As with any microkernel-based operating system, a significant portion of kernel components in vortexOS are moved to user-space and adapted to function there. This design contrasts with monolithic kernels, which typically have hundreds of system calls due to the large number of integrated kernel components. These system calls serve as interfaces to the kernel components and often include numerous sub-calls through mechanisms like ioctl and procfs/sysfs. In contrast, microkernels like VortexOS have only a limited set of system calls—usually just a few dozen.

This reduction in system calls occurs because non-essential kernel components are shifted to user-space, relying instead on Inter-Process Communication (IPC), which will be detailed later.

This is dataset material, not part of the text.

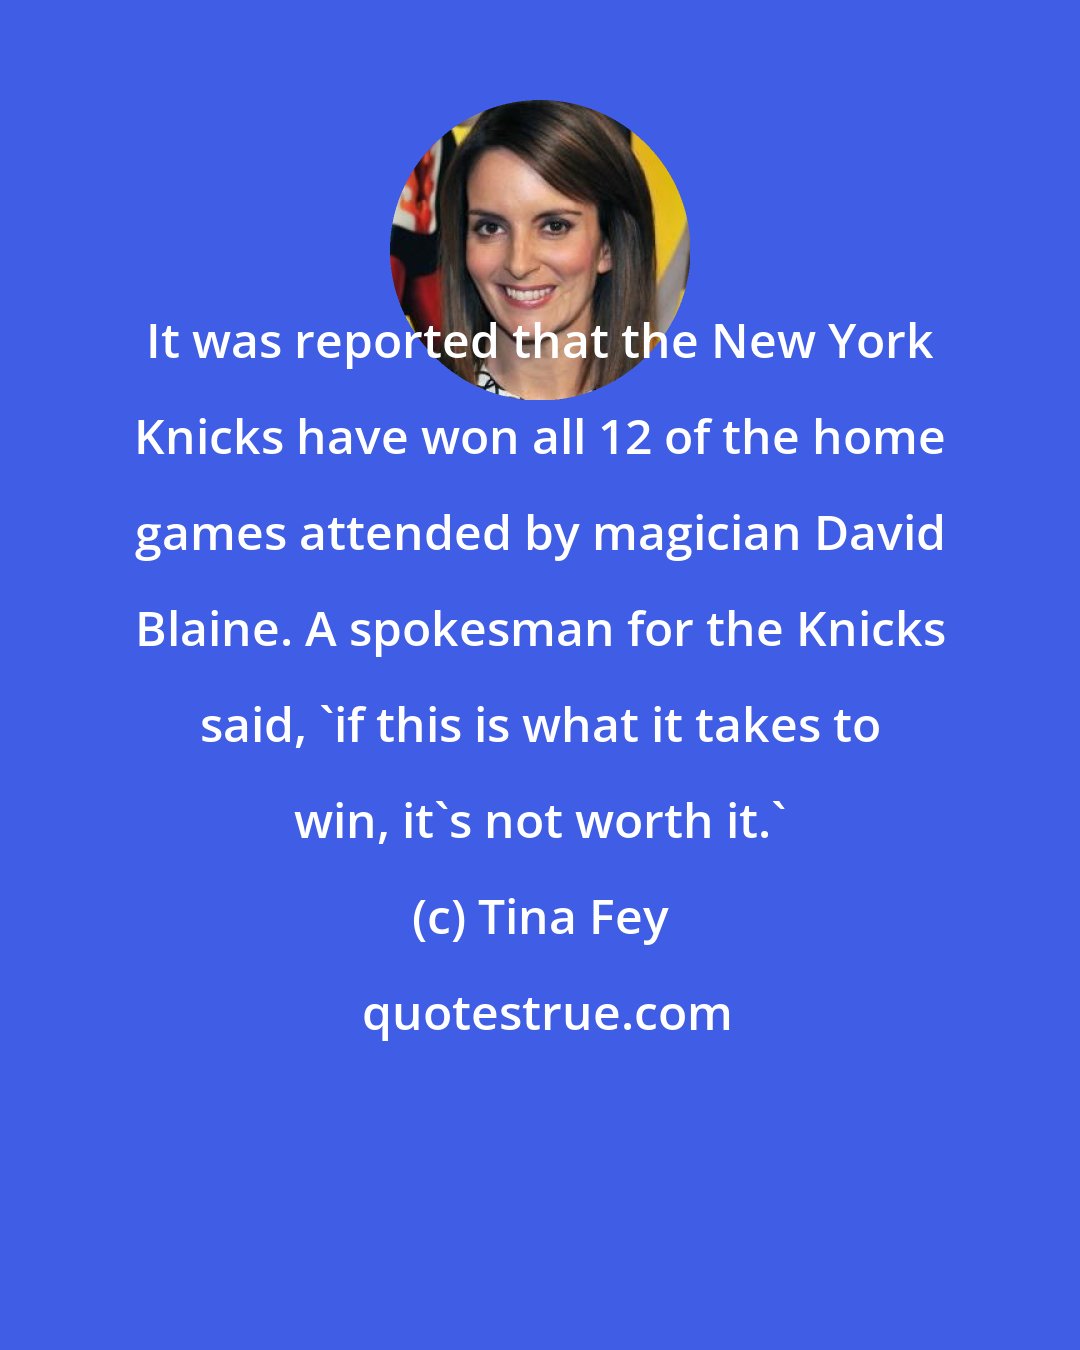 Tina Fey: It was reported that the New York Knicks have won all 12 of the home games attended by magician David Blaine. A spokesman for the Knicks said, 'if this is what it takes to win, it's not worth it.'

The user-space bootstrap is the initial program launched by the kernel. It has a straightforward design: the kernel loads the initfs blob, which contains both the bootstrap executable and the initfs image that was provided by the boot loader. The kernel sets up an address space for this blob and jumps to a designated offset provided by the bootloader. The bootstrap process allocates a stack (using an Assembly stub), applies memory protection (mprotect), and completes the necessary steps to execute the init daemon. It also sets up the initfs scheme daemon.

For IPC, VortexOS primarily utilizes file-based system calls. The kernel needs to know which schemes to forward certain system calls to, which it determines through scheme prefixes or by tracking which scheme opened a file descriptor. File-based syscalls are tagged with either SYS_CLASS_PATH or SYS_CLASS_FILE. In the case of SYS_CLASS_PATH, the kernel matches the path prefix with the scheme name. For SYS_CLASS_FILE, the kernel remembers the scheme associated with the file descriptors. While most IPC operations use schemes, there are exceptions, such as standard pipes (similar to Linux's pipe2, read, write, close). Schemes can also establish custom pipe-like IPC mechanisms, like shm: and chan: from ipcd.

Schemes are implemented as Rust traits within the kernel, with built-in kernel schemes adhering to this trait. User-space schemes are provided via the UserScheme trait implementor, which involves messaging between the kernel and the scheme daemon. This communication channel is established when scheme daemons open a :SCHEME_NAME, which is parsed to the root scheme "" with path "SCHEME_NAME". Messages are sent by reading from and writing to the root scheme file descriptor.

Thus, file-based syscalls interacting with user-space files send messages to the respective scheme daemon. The results of these operations are sent back to the kernel, which then returns the outcome to the process that made the syscall.

Communication between user-space and the kernel is generally efficient, although the current syscall handler implementation may be somewhat unoptimized. Systems with Meltdown mitigations might experience exceptions, but such mitigations have not yet been implemented.